---- Material provided

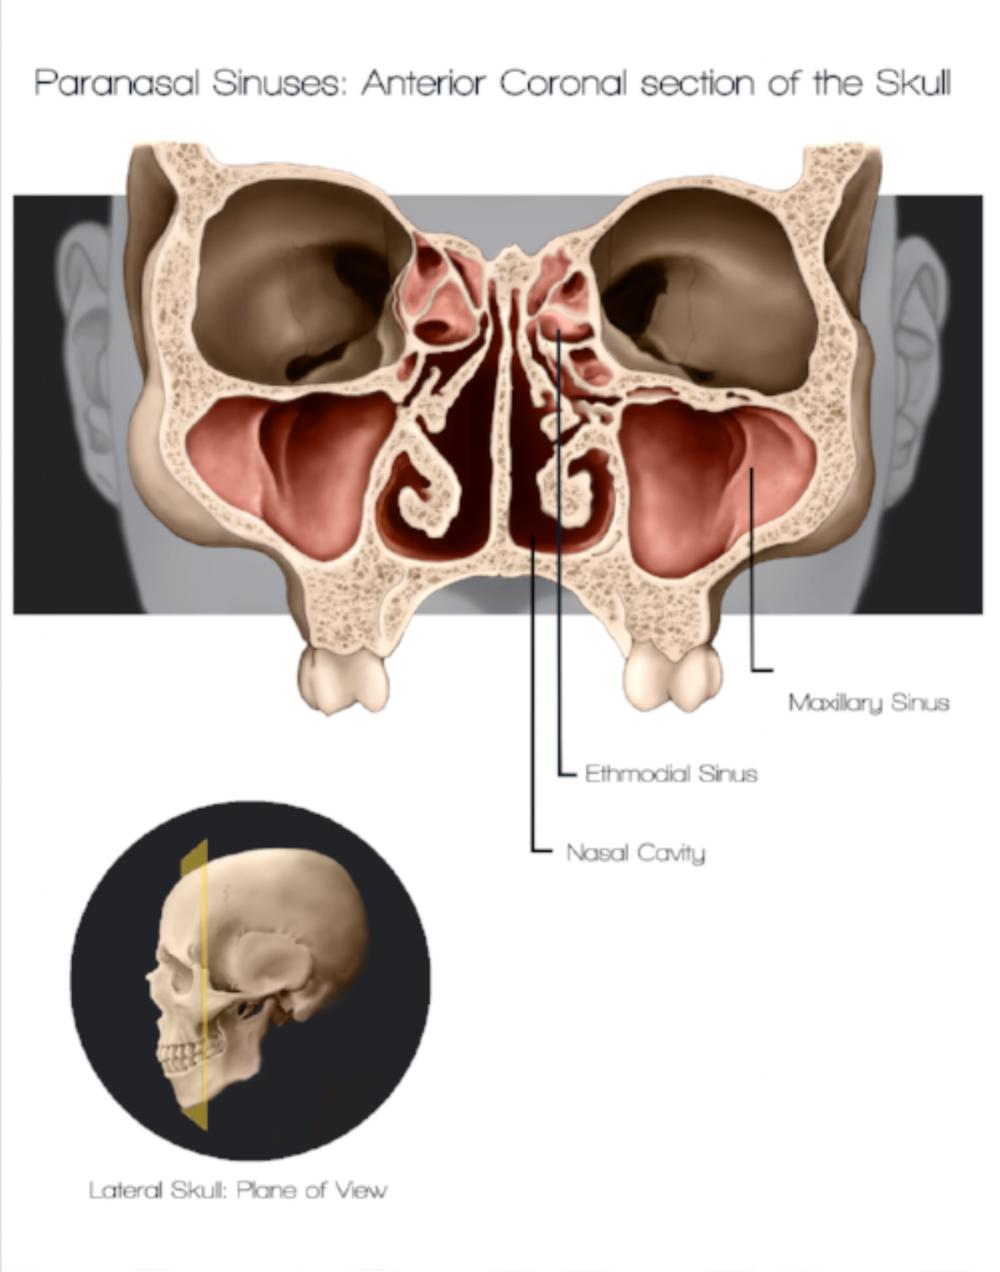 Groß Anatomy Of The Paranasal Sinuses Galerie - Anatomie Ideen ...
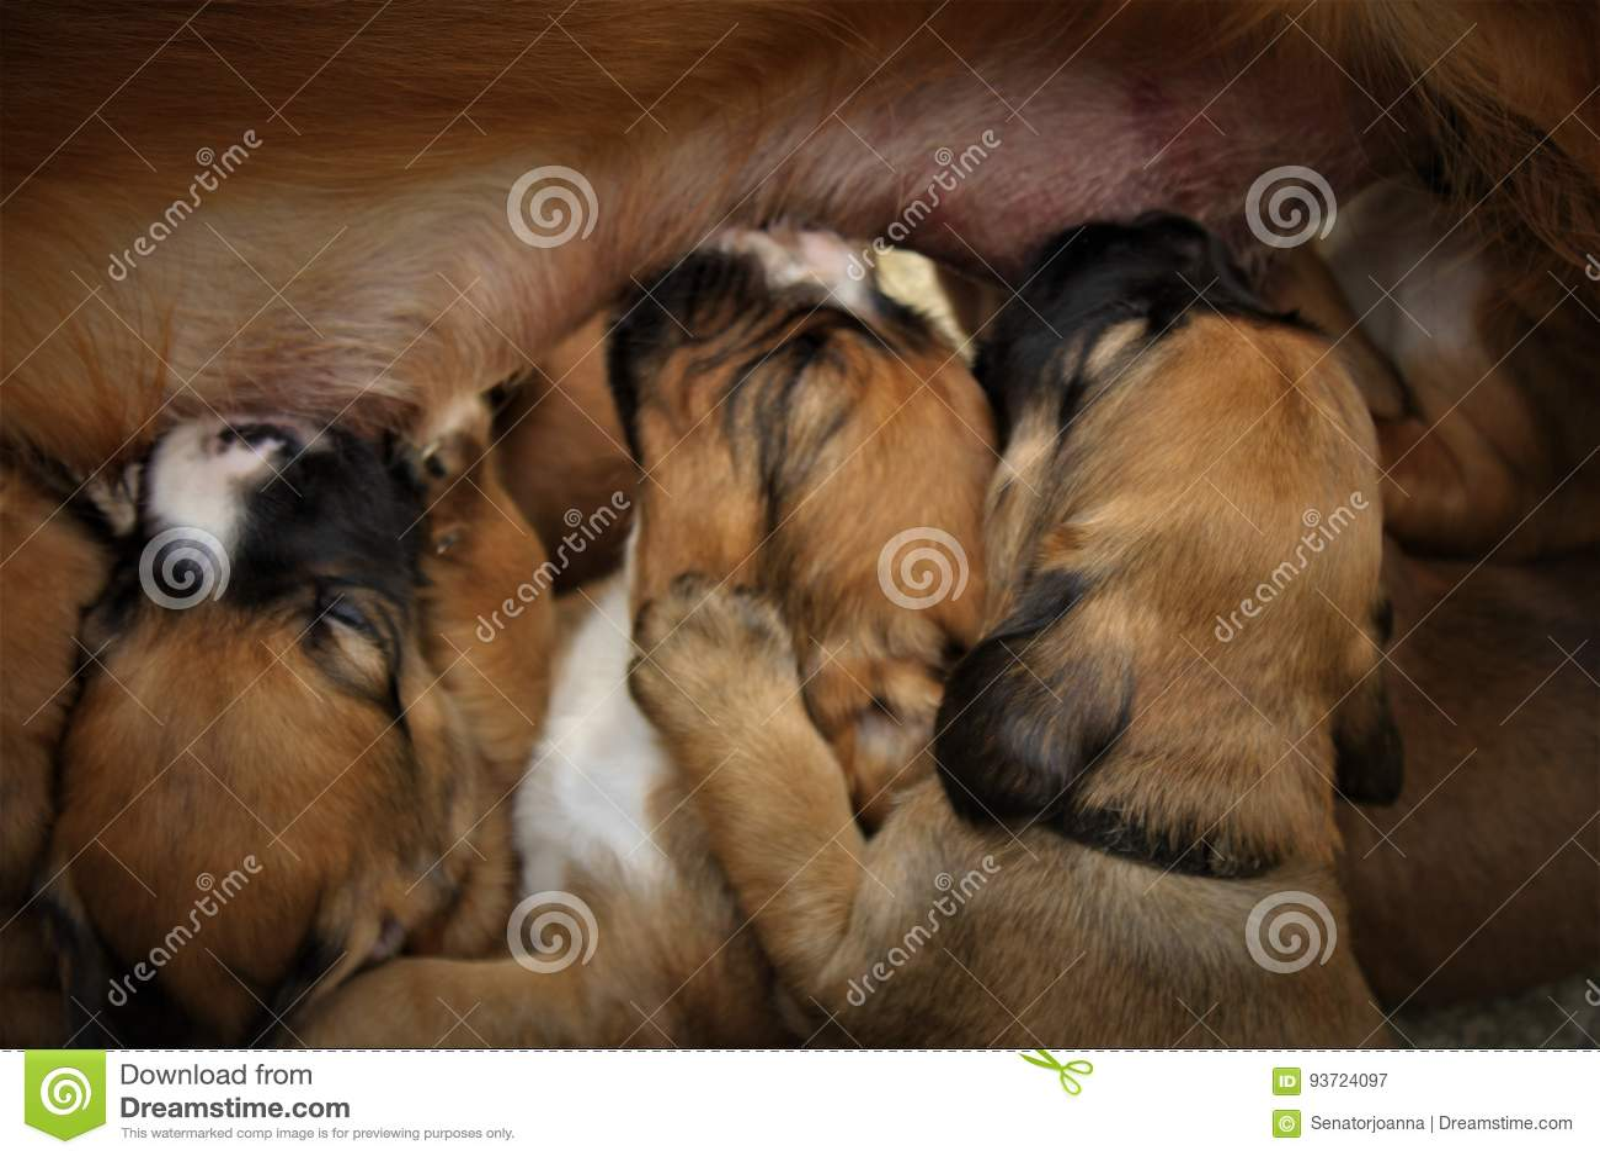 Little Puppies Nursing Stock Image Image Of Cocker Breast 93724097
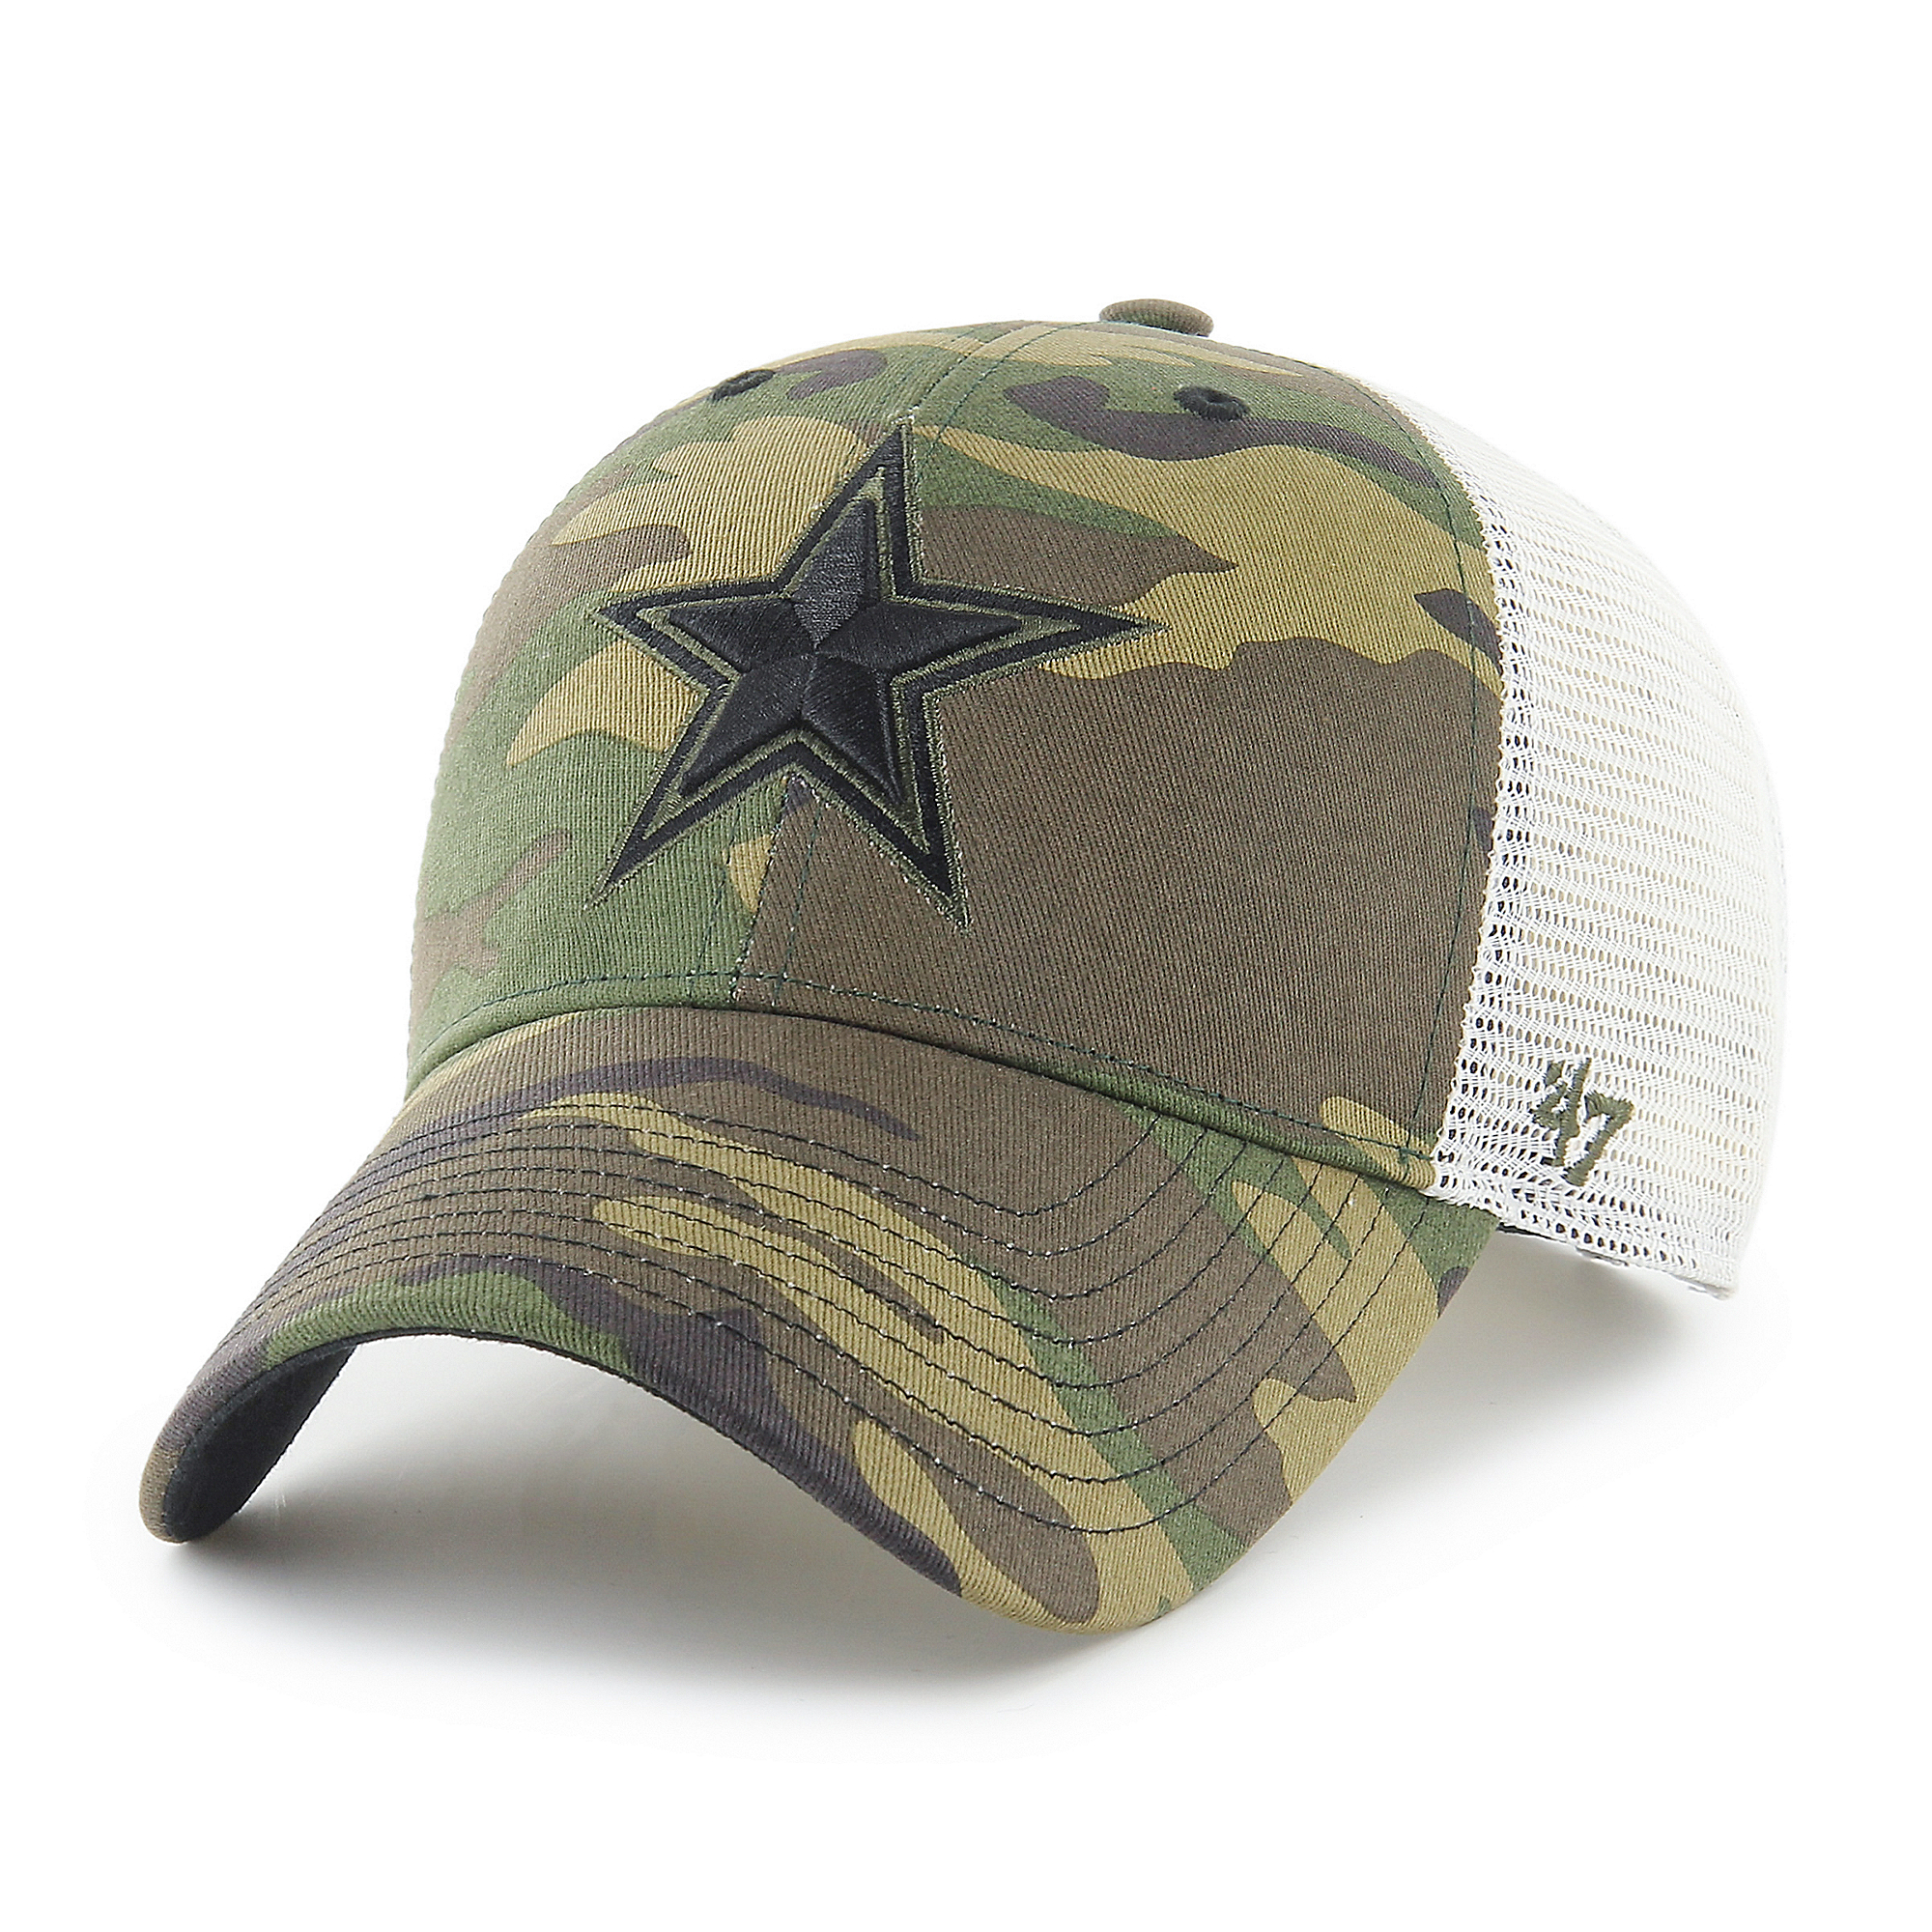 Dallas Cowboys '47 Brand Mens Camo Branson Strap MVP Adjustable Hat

--------

> [What you will do]: Leaving the pictures out, output the material exactly as it appears.

> [Task solution]:
 Groß Anatomy Of The Paranasal Sinuses Galerie - Anatomie Ideen ...
 Little Puppies Nursing Stock Image Image Of Cocker Breast 93724097
 Dallas Cowboys '47 Brand Mens Camo Branson Strap MVP Adjustable Hat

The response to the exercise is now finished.